パイロット版「国破れてゴミの山」

(本編に先駆けて試作したパイロット版です)


 ――ぼくらがこの国の未来を創る。

 ――だから今はゴミ拾い。

 ――ゴミが無くなったら、家を建てよう。

 左耳につけたイヤホンを通して、旧式の音楽プレイヤーが軽快なリズムを奏でる。何年か前に流行ったインディーズの曲だ。政府の管理する公共ネットの動画投稿サイトで人気になったそれに、どこかの物好きが歌をつけた。

 ――ゴミの山にはお宝もある。

 ――そうさ、ゴミの島は夢の島。

 ――うたかたに消えた蜃気楼。

 再生の祈りを込めた復興ソング。かつてこの国を襲った大災害でボロボロになったこの土地で聴くには、相応しい曲といえる。

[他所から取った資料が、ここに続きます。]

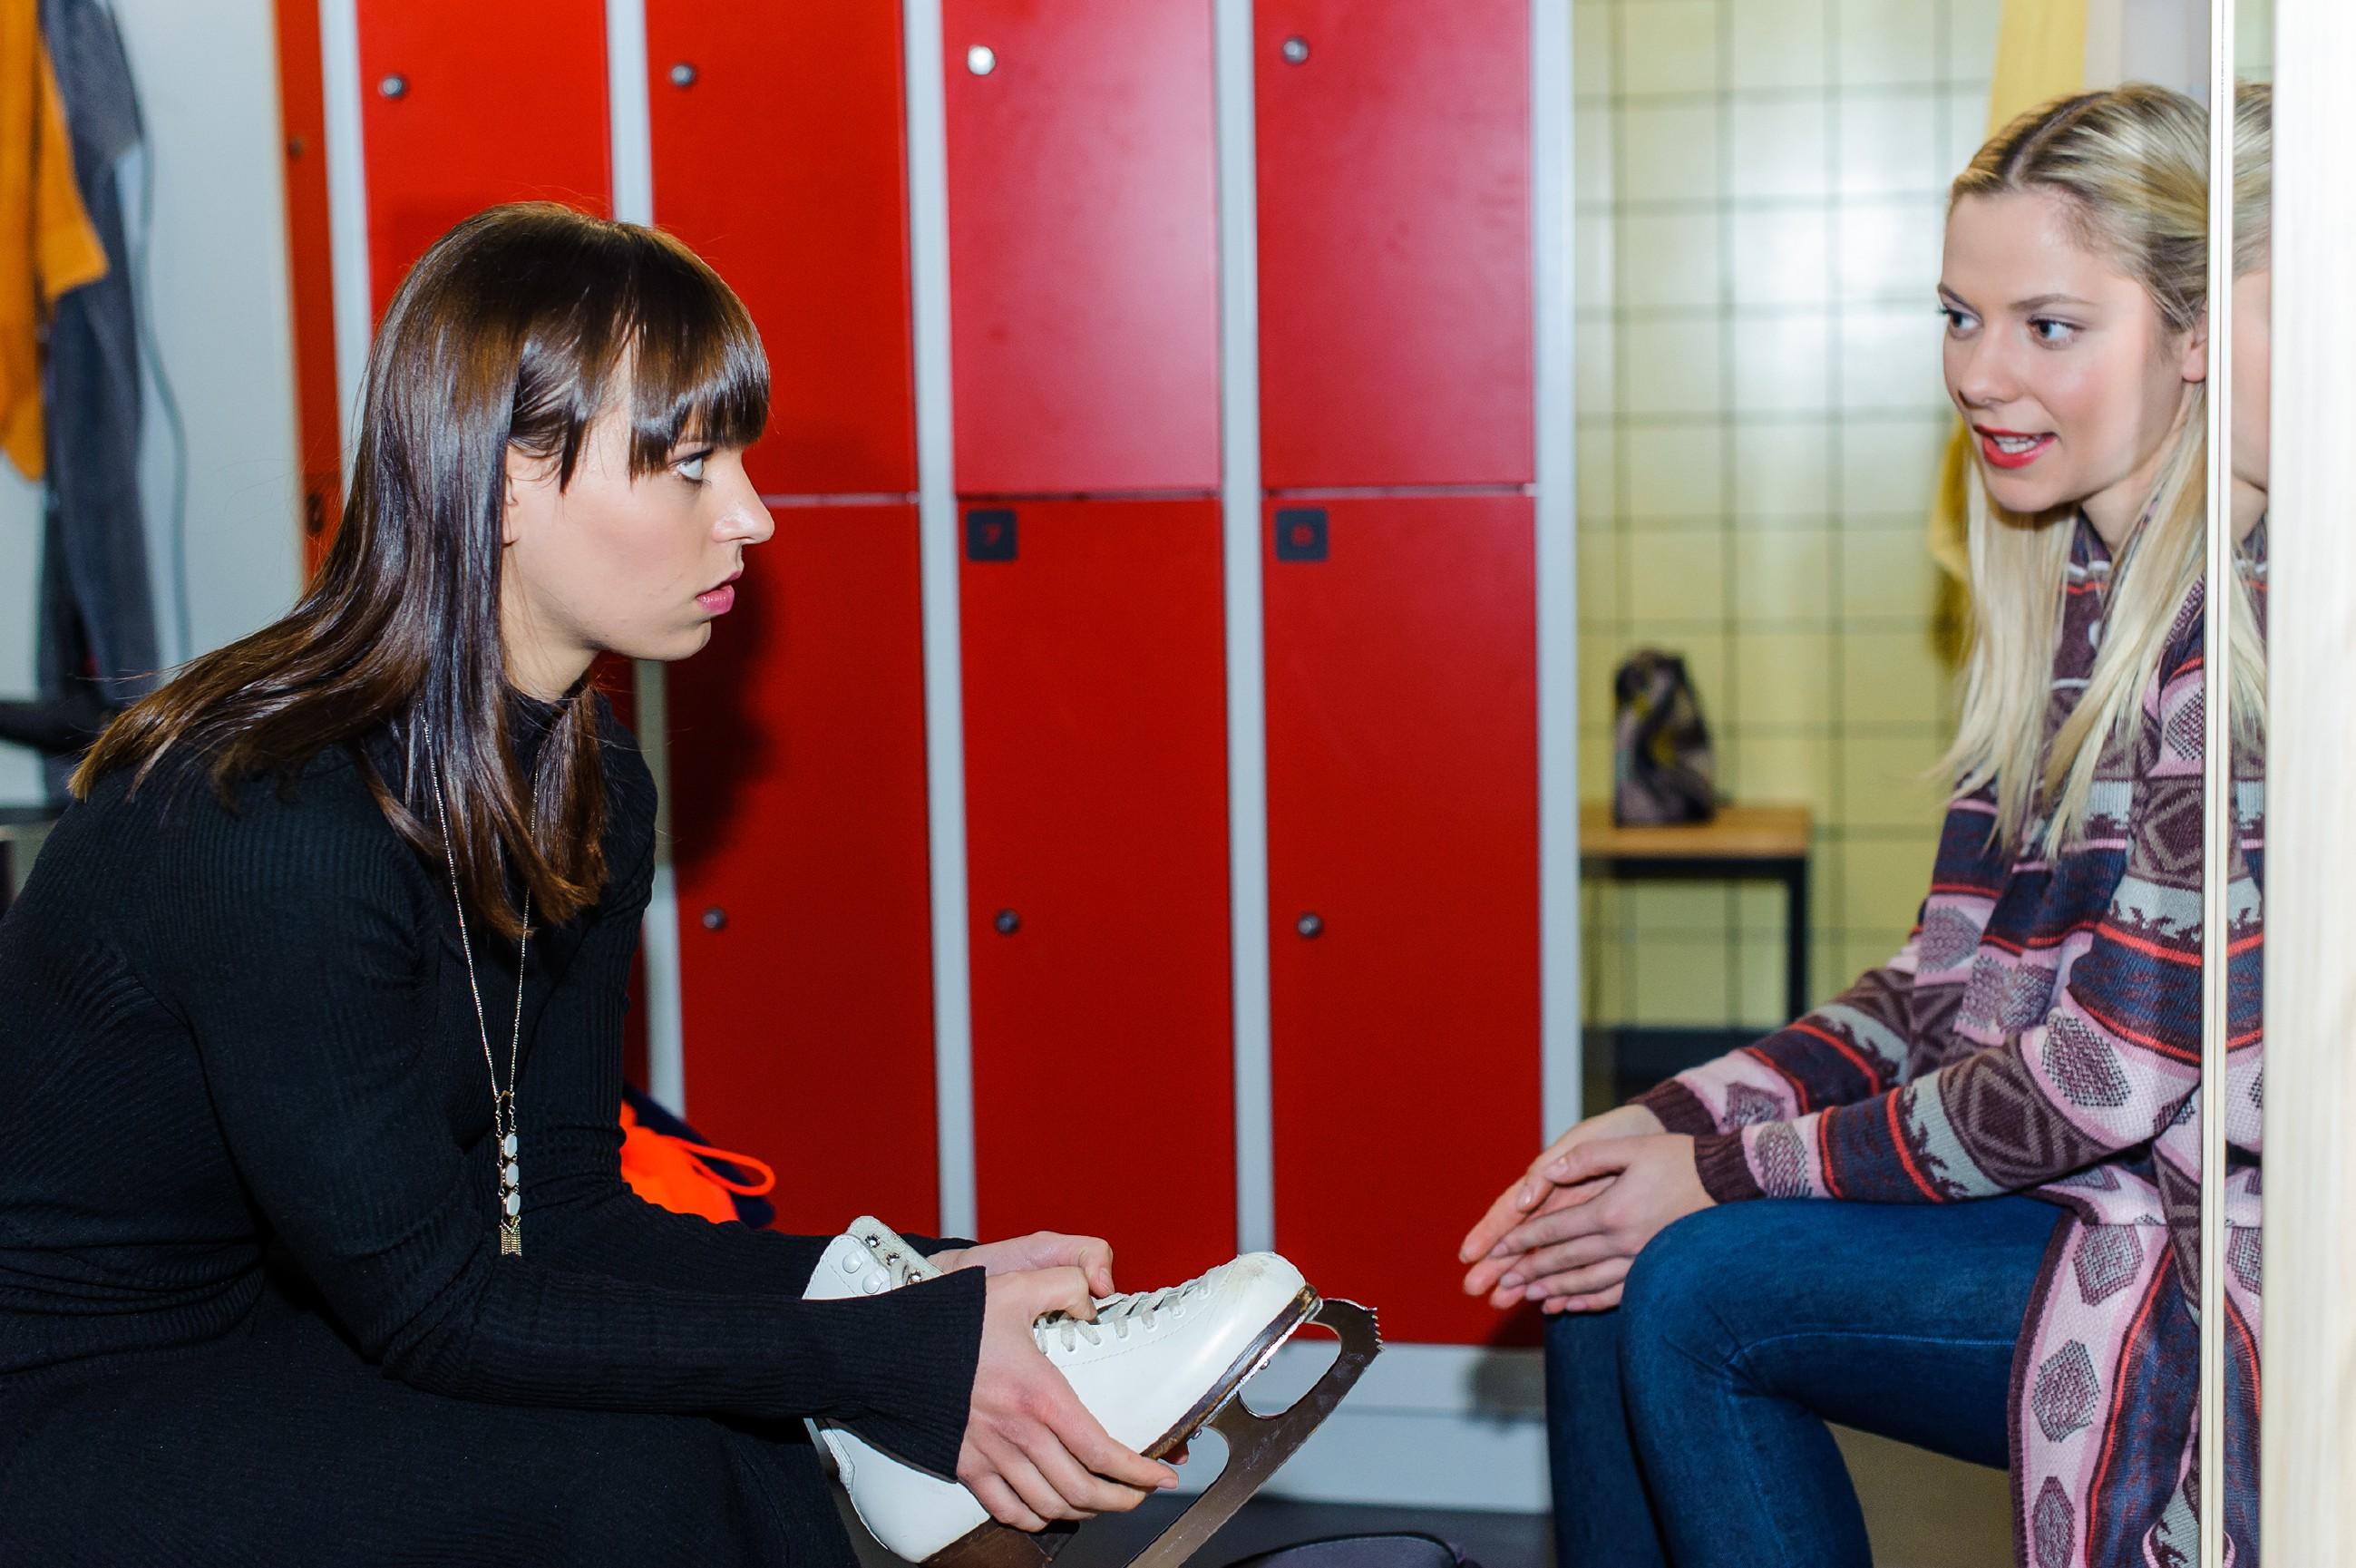 Michelle (Franziska Benz, l.) verschweigt vor Marie (Cheyenne Phade), dass sie Angst vor der Rückkehr aufs Eis hat. (Quelle: RTL / Julia Feldhagen)

「海の彼方のはるかな故郷。ぼくらがこの国の未来を創る。だから今はゴミ拾い――」

 無意識に歌詞を口ずさみながら、鳴神マコトは目の前に転がる瓦礫を掴んだ。人の胴体くらいはありそうなコンクリート片を、ひょいと無造作に持ち上げる。

 こんなものを軽々と持ち運べるのは、いま鳴神の搭乗している――この場合〝身に着ている〟と表現する方が適切か――機械仕掛けの外骨格のおかげだった。

 一〇ヒトマルしき機動装甲外骨格。

 通称〈さきもり〉と呼ばれるその機体は、防衛隊の所有する最新鋭装備だ。全高二メートル半余りのその姿は、さながら往年のアニメやゲームに登場する人型ロボットそのものだ。

 もっともフィクションに登場するカッコいいロボットとは違い、〈さきもり〉は無骨な外装に黒一色のカラーリングという、面白みのないデザインをしている。加えて頭部から伸びた二本のアンテナがまるで鬼の角みたいに見えることから、現場ではもっぱら〝黒鬼〟と呼ばれていた。だが見た目はともかく、性能は折り紙つきだった。

 シャベルやクレーンにはできない繊細な作業を可能とする両腕のマニピュレータと、重機並みのパワーを兼ねそえたロボットスーツの労働力は絶大だ。荒廃したこの筑紫島の隔離地区内で作業を行うには、うってつけのマシーン。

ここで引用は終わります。